Getting a comprehensive security network requires a wide range of equipment. From intercoms to CCTV to alarm systems, you will need to spend on purchasing this equipment. However, especially where you are big business, the cost of this purchase can rise to hundreds of dollars.
However, while this represents a financial difficulty, it should not stop you from securing yourself or your business. There are various financing options through which you can relieve yourself of the burden of making an outright purchase with your money.
All you need to do is find a lender. Afterwards, you can enter into a loan agreement with them for the purchase sum. You will then commit to paying back the purchase price with interest over some time. The advantage of this option is that you do not have to bear the financial brunt at once. You can pay over an extended duration such that you hardly know you are even paying.
Why Equipment Finance?
Equipment finance comes with various advantages to your business or personal account. They include:
- Allows you to maintain your financial stability
- Flexible and easy repayment structure
- Possible tax benefits
Who Can Finance Your Equipment Purchase?
If you are looking to finance your equipment purchase, various entities can offer the needed funds. So, if equipment finance sounds like a favourable option to you, here are some sources you should consider.

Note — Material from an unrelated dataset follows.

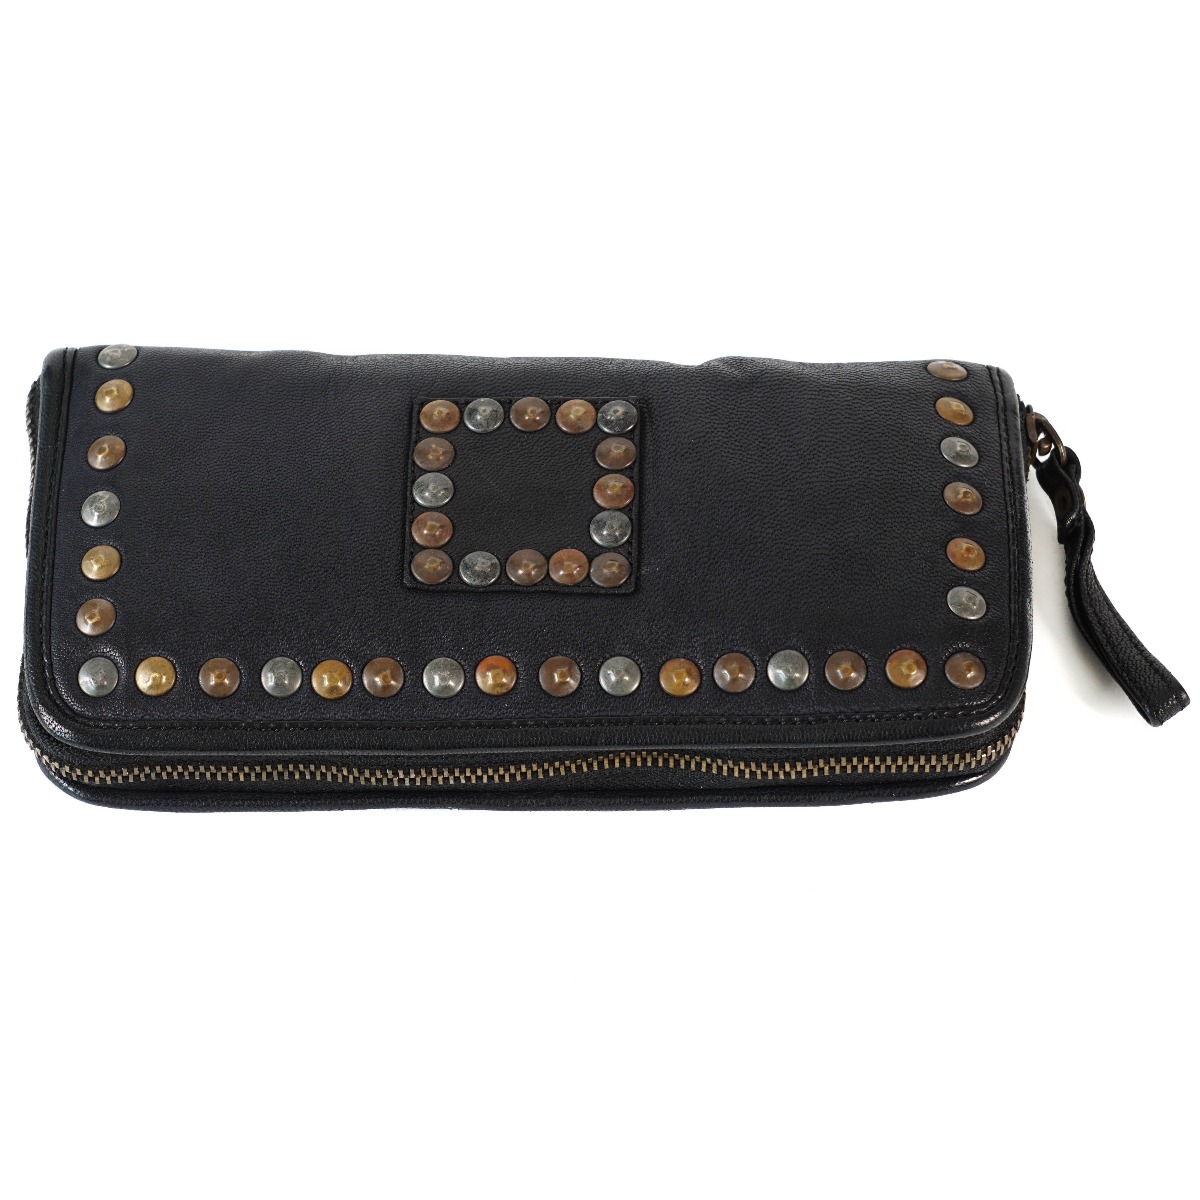 Leather wallet black color

The first group to consider when looking towards equipment finance are financial institutions. They include banks, building societies, and credit unions. They can provide funding in the form of loans, lines of credit, and overdrafts.
You can also try out retailers for your equipment financing. Typically, you will purchase the necessary security equipment though store credits. Usually, these stores run a partnership with a finance company to provide this finance option.
Although it comes with a much higher interest rate, you can get some stores to provide a free period. This way, you don’t have to pay any interest during that period.
You can always approach a finance company for financing. However, in most cases, these companies’ partner with a retailer. So, it’s quite similar to the option above.
Another option to finance equipment purchase is peer-to-peer lending. In this instance, you will get matched with individuals who have spare cash to invest. Usually, the interest rate differs, and it is based on the amount of risk that you pose and the duration of the loan.
Choosing the Right Lending Company
A huge and considerable part of acquiring financing to purchase the needed security equipment is finding the right lender. For your business to do this, here are some ASIC guidelines to follow.
- Ensure they have a license provided by ASIC: before picking a lender, ensure they have permission to render such services. Alternatively, ensure they represent someone who has a license. For you to confirm, you can check the rental agreement or credit contract.
- Ensure they provide a credit proposal disclosure and credit guide: before signing the credit agreement, ensure it is a lender that has provided this document. Also, the material the lender provides must reflect their license number, charges and fee, contact details, and the dispute resolution mechanism.
- Ensure they provide a quote for their services: ensure you only sign after you get this quote. However, you can waive it if it is a free service or there is an existing write contract stipulating how much you will pay.
Improving Your Credit Profile
If you are looking to get equipment finance, you will need your credit profile to be in good standing. To achieve this, here are a few things that can help.
- Assess your Credit Report: before you make the next loan application, ensure you have checked your credit report. This is to ensure that there is no error there. So, get a copy, then assess it to be sure the debts there are yours. In case there is a mistake, you can get a credit reporter to help fix them.
- Discharge some debt obligation: ensure your existing loan obligations are on track. This way, your credit score is better. You can also make some extra repayments. This will help you reduce your interest obligation where it is compound.
- Consolidate your debt using a lower interest rate so you can reduce interest repayments
- Create a budget: ensure you have a budget that details your expenses and income over a period. This way, you can self-assess your capacity to repay and make early repayments in some loans.
DISCLAIMER: The information presented above is nothing more than a GENERAL MATERIAL for personal use and consideration. They do not, in any way, constitute an advice or recommendation from SNOG. Hence, we do not take liability for errors in the presentation and/or interpretation of the facts highlighted herein. Also, we do not take responsibility for the analysis and exposition on information present in the public domain. We recommend that you consult with an accountant or financial advisor if you are looking for a specific recommendation regarding your financial needs or circumstances.